Agnieszka Frykowska to kobieta uparta. Skandalistka, która głowę trzyma wysoko. Jak się okazuje, pomimo niejednokrotnych problemach z pieniędzmi i samotnością.

W Super Expressie o wszystkim tym powiedziała.

Jej przyjacielem i towarzyszem jest piesek, który „zapełnia jej pustkę\”. A jest ona tym większa, że Agnieszka w Warszawie mieszka sama, zupełnie nie rozumiejąc innych mieszkańców:

– Czasami (…) widzę chodzące roboty z klapkami na oczach – mówi.

A te \”roboty\” potrafią nieraz dokopać. Bo Frytka ma chyba świadomość, że nie jest powszechnie lubiana:

– Mam świadomość, że nie ma zmiłuj, że jest się zdanym wyłącznie na siebie. Gdzieś po drodze ciągle dostaję kopniaki, podnoszę się, ale zastanawiam się, na jak długo wystarczy mi sił – mówiąc do po policzku spływa łza. – Nie rozmazałam się?

Bo Frytka jest uczuciowa. Śpiewa chwytające za serce piosenki, które docierają do ludzi (sic!).

– (…) ta piosenka (…) wyszła spod serca, została napisana z wielkim uczuciem.
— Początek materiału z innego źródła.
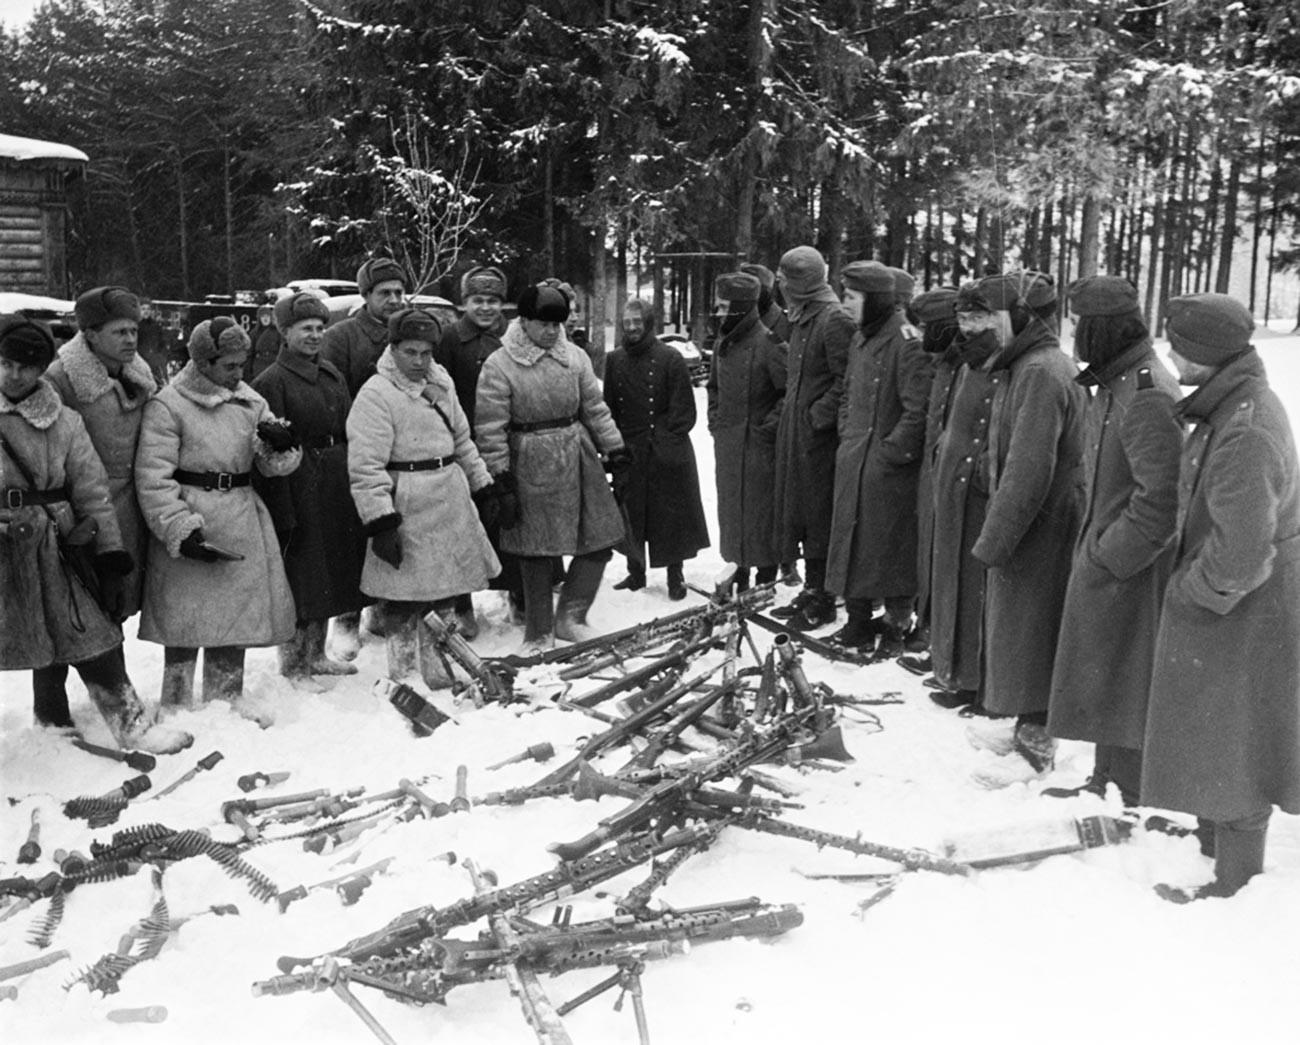 Војници разбијене немачке јединице предају оружје.

A prawda dociera do ludzi. I okazało się, że Dwa gołębie stały się kultowe. Ludzie chcą tego słuchać, więc czy chcę, czy nie płyta z moimi piosenkami prawdopodobnie ukaże się już jesienią. Choć ja nie mam wielkiego parcia na śpiewanie. Moją największą pasją jest aktorstwo.

Ciekawe jest to, że jeszcze niedawno mówiła w TV Interia, że dostaje szewskiej pasji, kiedy słyszy kolejne wykonania swojego utworu. Że tego było za dużo, że Wojewódzki przegina.

A tu Kuba zrobił jej reklamę. Wystarczyły dwa ptaszki i mikrofon.